■ About this task:
Your job is to set down the stretch of entries that opens with the line containing "GIA: 6224995343" and closes with the line containing "Ring Size: 6.5 (complimentary". Keep both end lines, copy each exactly, and add nothing.

■ Data provided:
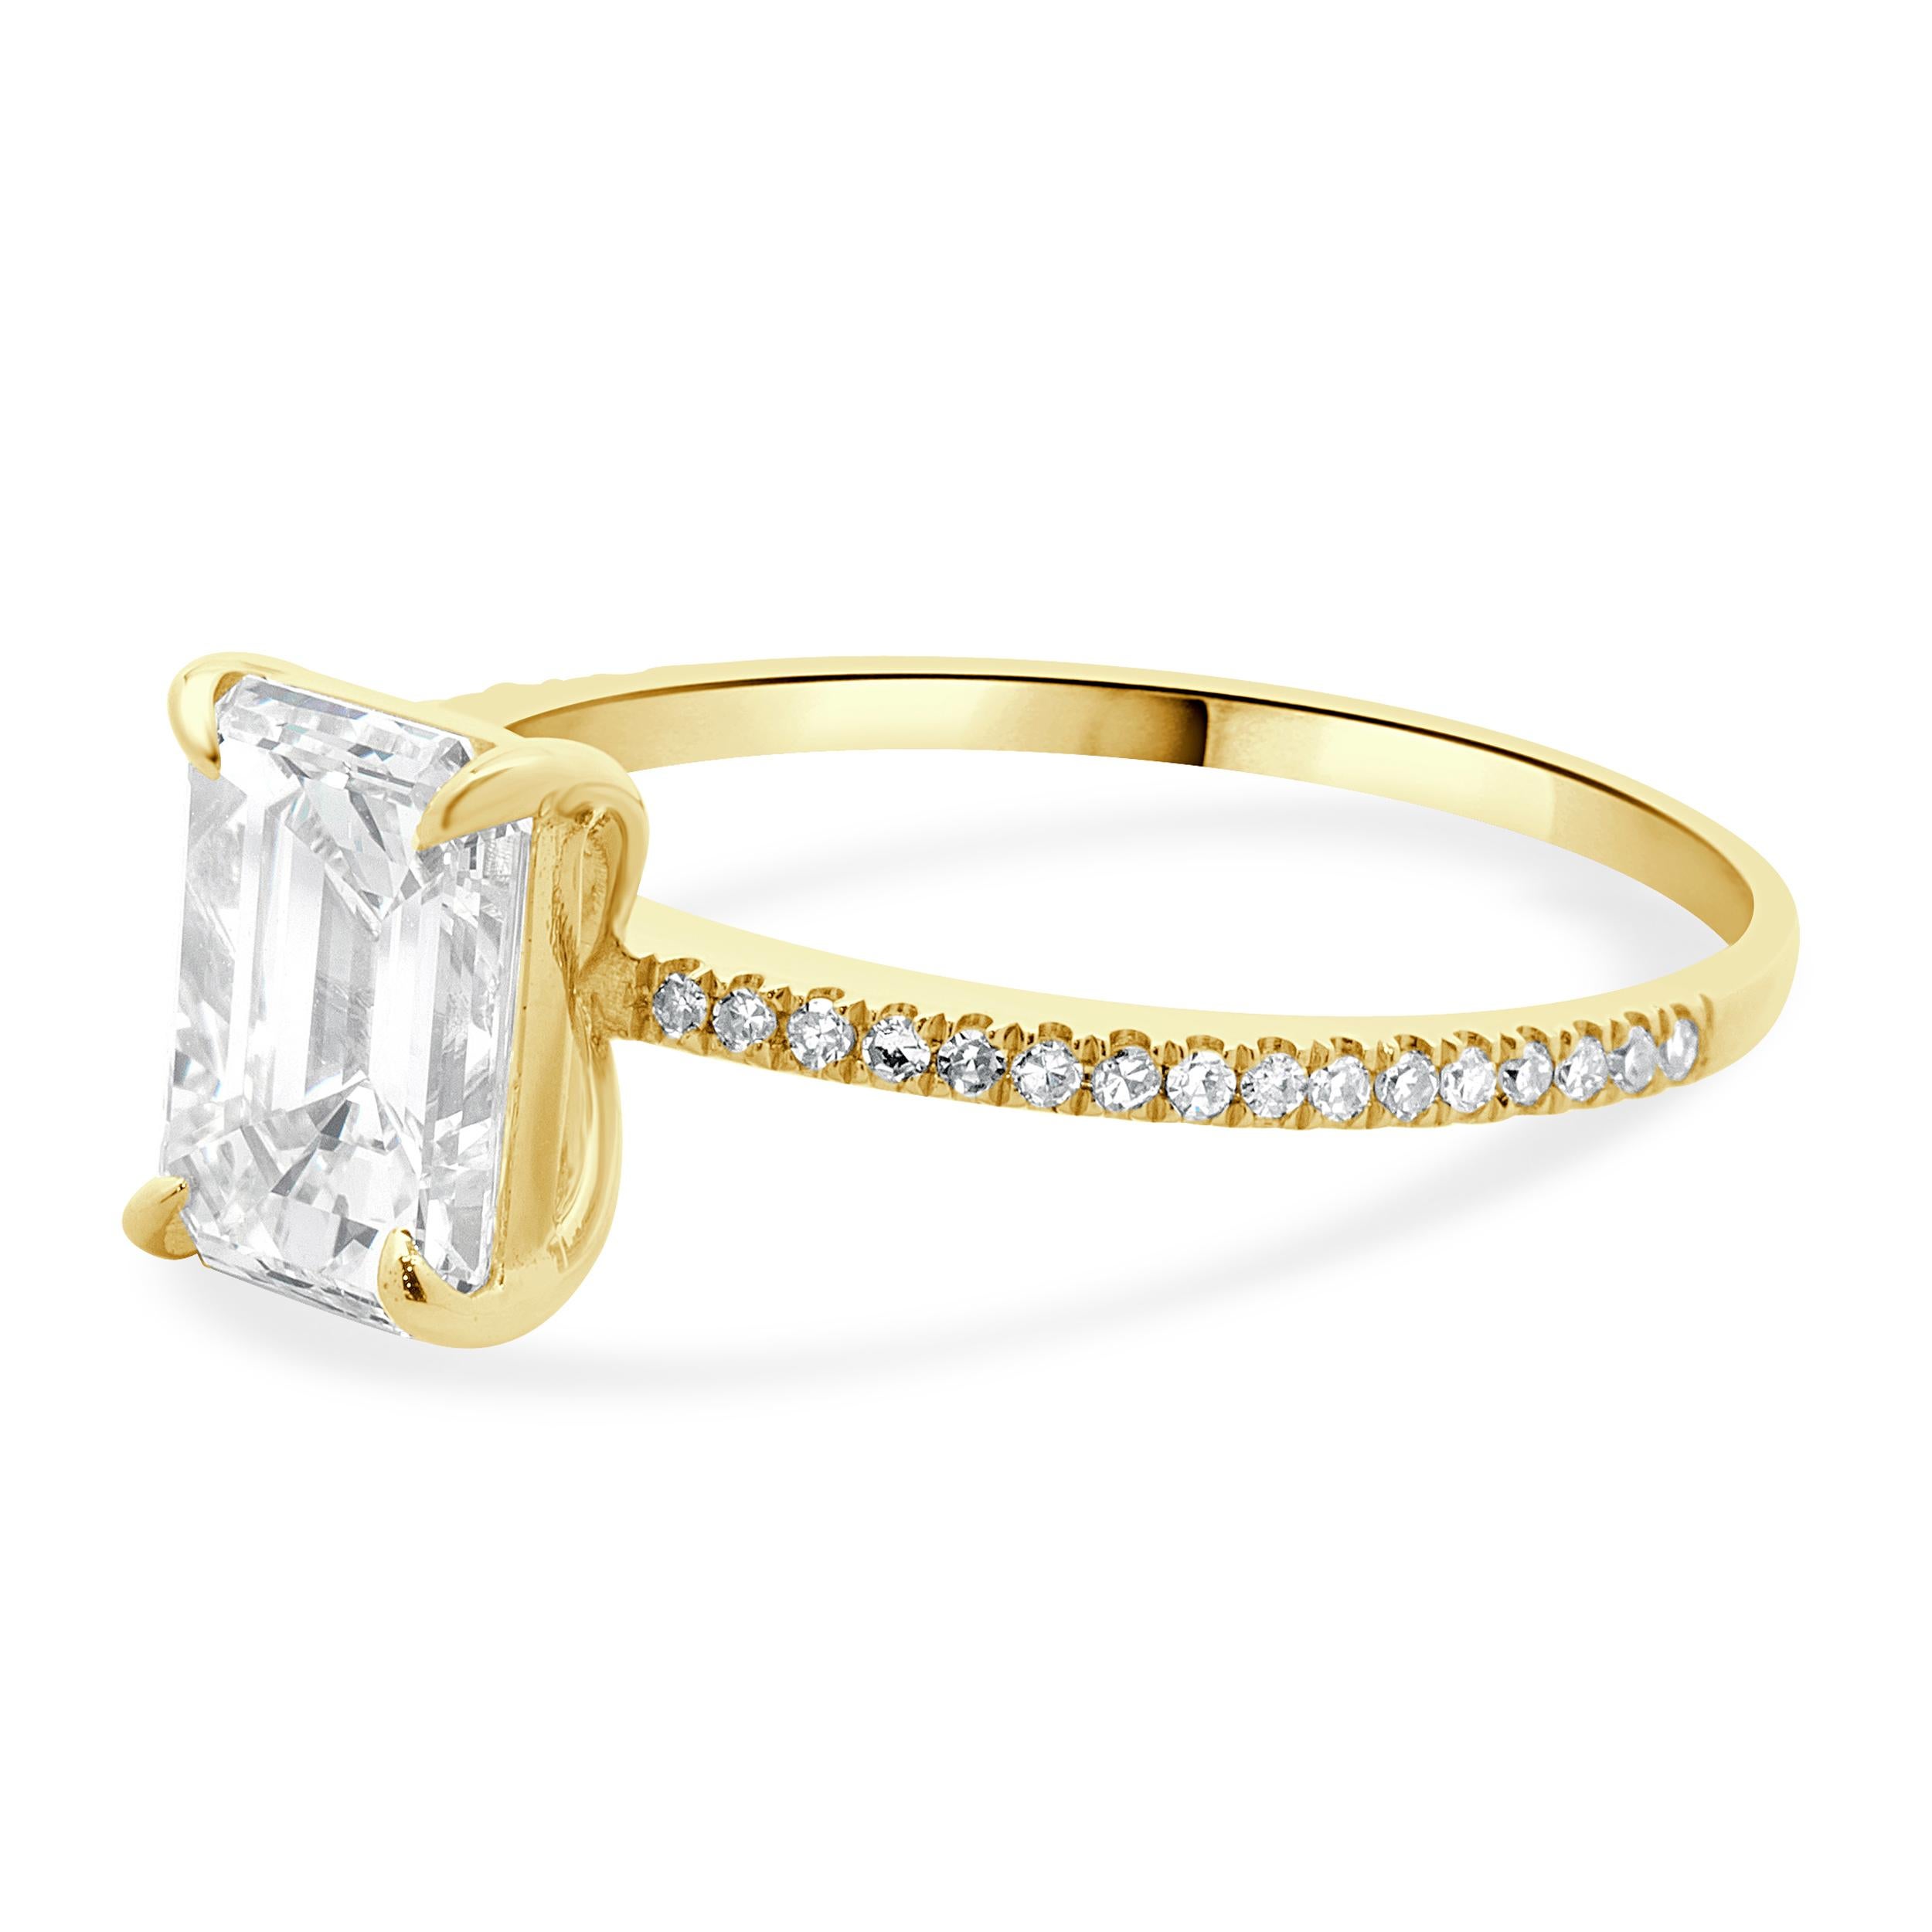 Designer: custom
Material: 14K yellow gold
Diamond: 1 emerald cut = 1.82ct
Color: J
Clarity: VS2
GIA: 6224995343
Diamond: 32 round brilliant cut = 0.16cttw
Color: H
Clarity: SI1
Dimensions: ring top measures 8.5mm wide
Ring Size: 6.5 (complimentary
---
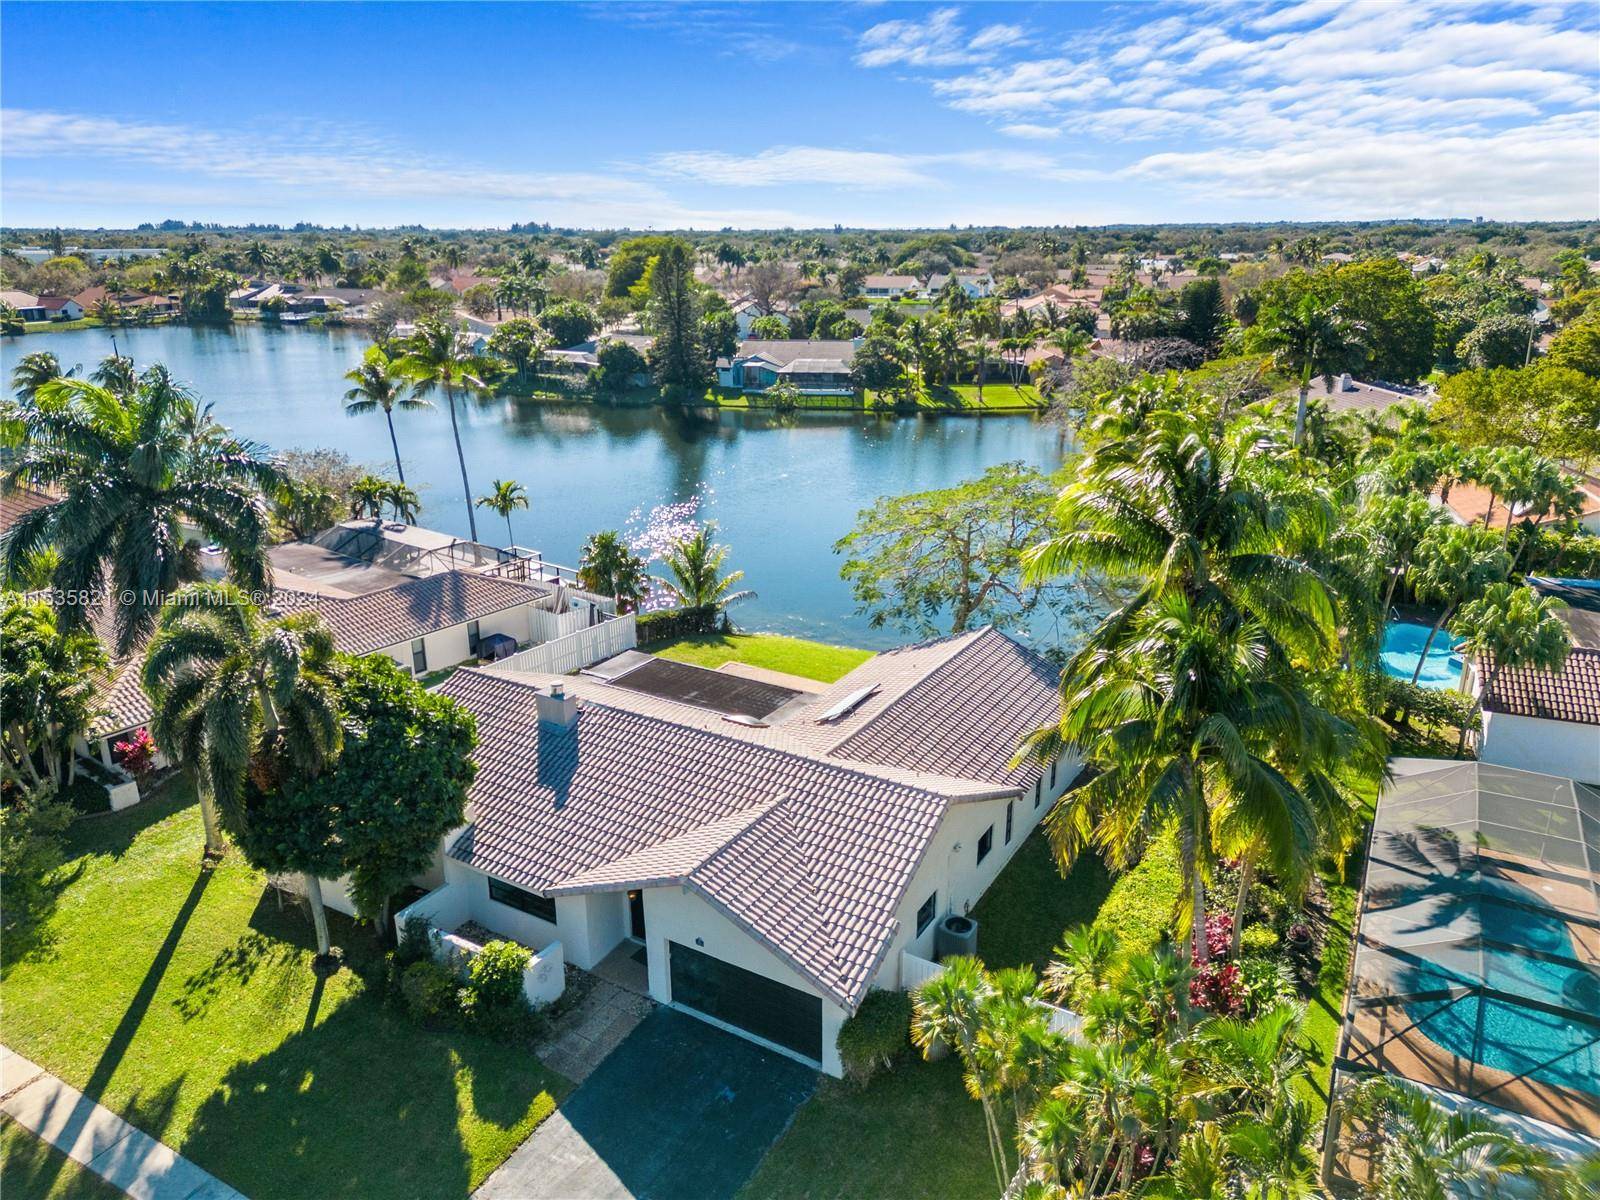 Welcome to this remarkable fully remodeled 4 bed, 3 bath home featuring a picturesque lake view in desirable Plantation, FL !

■ Output for this task:
GIA: 6224995343
Diamond: 32 round brilliant cut = 0.16cttw
Color: H
Clarity: SI1
Dimensions: ring top measures 8.5mm wide
Ring Size: 6.5 (complimentary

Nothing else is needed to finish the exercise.